The voices fell silent. One pair of footsteps upon stone began growing fainter.
Chane tensed, ready to run should another pair of steps come toward the stairs. When he finally heard the second pair, they were brief, followed by the ringing thud of a closing metal door. He stood there, wondering....
What was meant about “eyes,” “construction,” and “distribution”? According to Wynn, the sage’s cold-lamp crystals were made here in the lower levels. What were the metaologers making now and to what purpose?
Time pressed upon him, and he had a more urgent reason for coming here.
Descending, Chane found the first sublevel’s passage empty but for the six handleless iron doors, three on each side, and a portal at the far end on the right. He stepped quickly and quietly to the last one still ajar and nudged it inward a little farther.
“Premin?”
If she was inside, there would be no mistaking his maimed voice and who had come. She would be unable to ignore him, as she might ignore someone knocking. Light footsteps sounded against stone, and the door was pulled open wider.
For an instant, Chane’s gaze caught on what lay beyond the narrow inner passage that was barely three strides long. All he could see were shelves pegged in the chamber’s left wall in line with the entryway. The rest of the room, which opened up to the right, was hidden. Those pegged shelves were filled with books; plank-bound sheaves; and narrow, upright cylinders of wood, brass, and unglazed ceramic.
Then he looked down into Premin Hawes’s piercing hazel eyes.
They had not seen each other since the previous autumn, when Chane had left with Wynn to journey south to the Lhoin’na, this continent’s elven people. With Hawes’s midnight blue cowl pulled back, her cropped ash gray hair bristled across her head. Any lines of her true age were faint in her even, small features. Below her small mouth, her jawline narrowed to the soft point of her chin. She might have caught some men’s attention if not for her stoic demeanor and severe, penetrating gaze.
“Master Andraso,” she said with no inflection.

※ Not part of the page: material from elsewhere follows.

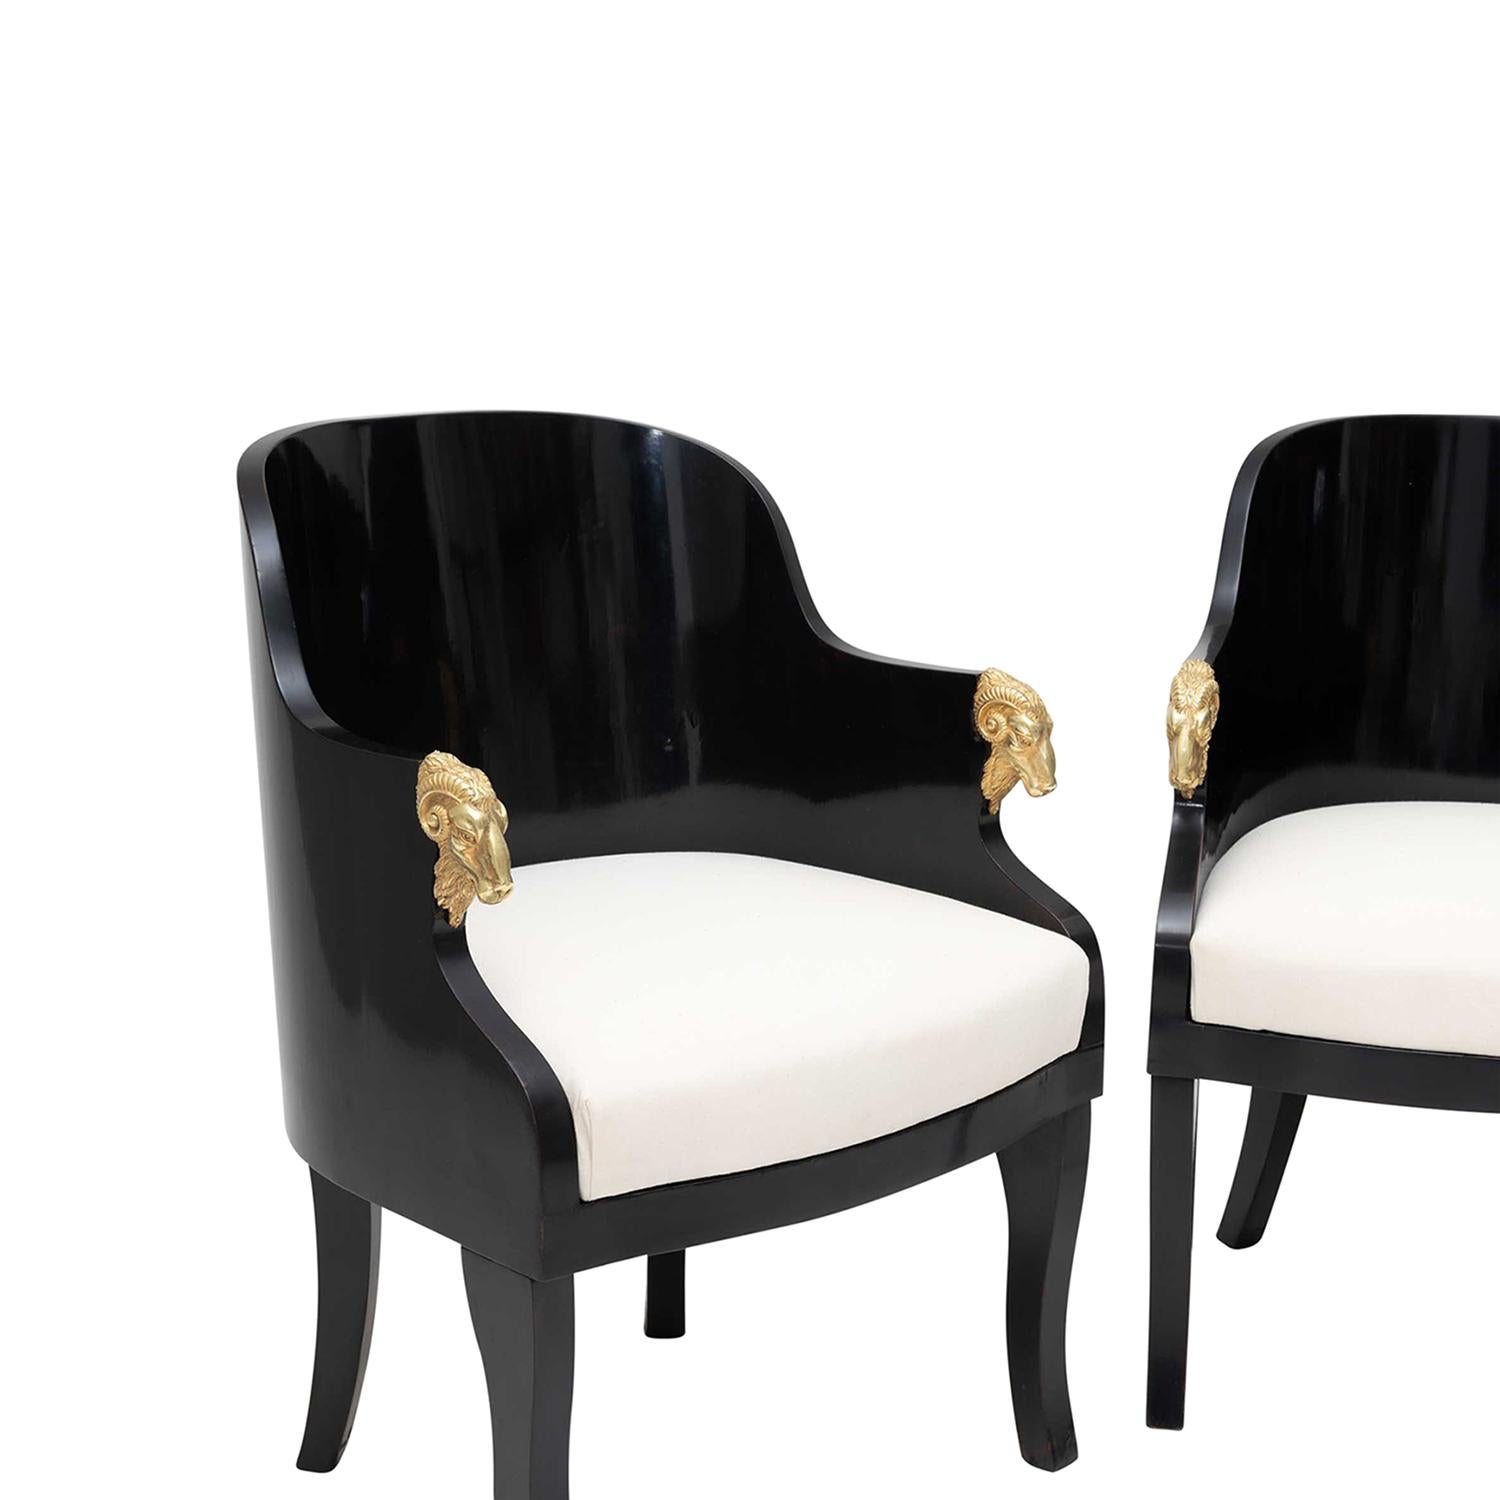 A 19th Century, antique Baltic pair of black armchairs made of hand crafted lacquered Birchwood, in good condition. The small detailed side, club chairs have a rounded back with slim armrests, particularized by gilded goat heads, standing on four

She was the only one who called him that. Then again, Chane rarely spoke to anyone but Wynn. Hawes’s eyes watched him without wavering, and she showed no surprise at his arrival. In the brief times that Chane had interacted with her, nothing ever seemed to catch her unawares.
“Forgive the intrusion,” he apologized, and then quickly wondered why, as he had never been given to apologizing, even in his mortal life. “But ... I am leaving for a while ... tonight. I wished to speak with you first.”
A flicker of something, though it was not surprise, flashed across Hawes’s face. It vanished with a brief twitch of her left eye.
“Leaving? Why?”
This question was unexpected, and Chane had no intention of telling her more.
“I am taking city lodgings, rather than burden the guild further as a guest.” Before she pressed him, he went on. “I wanted to know if you have continued with one of the ... the projects we discussed.”
“The healing concoction?” she returned bluntly.
Neither subtlety nor manners would help Chane here, and he simply nodded.
Hawes shook her head slightly. “It would be pointless, as I don’t have the components.” She cocked her head slightly. “You’d best come in.”
Chane was uncertain how much he should tell—show—the premin of metaology.
She turned down the short entryway, and he stepped inside and closed the door. When he followed her, in three strides, her study filled his view. He had been here several times, always wishing for a stolen moment to explore it.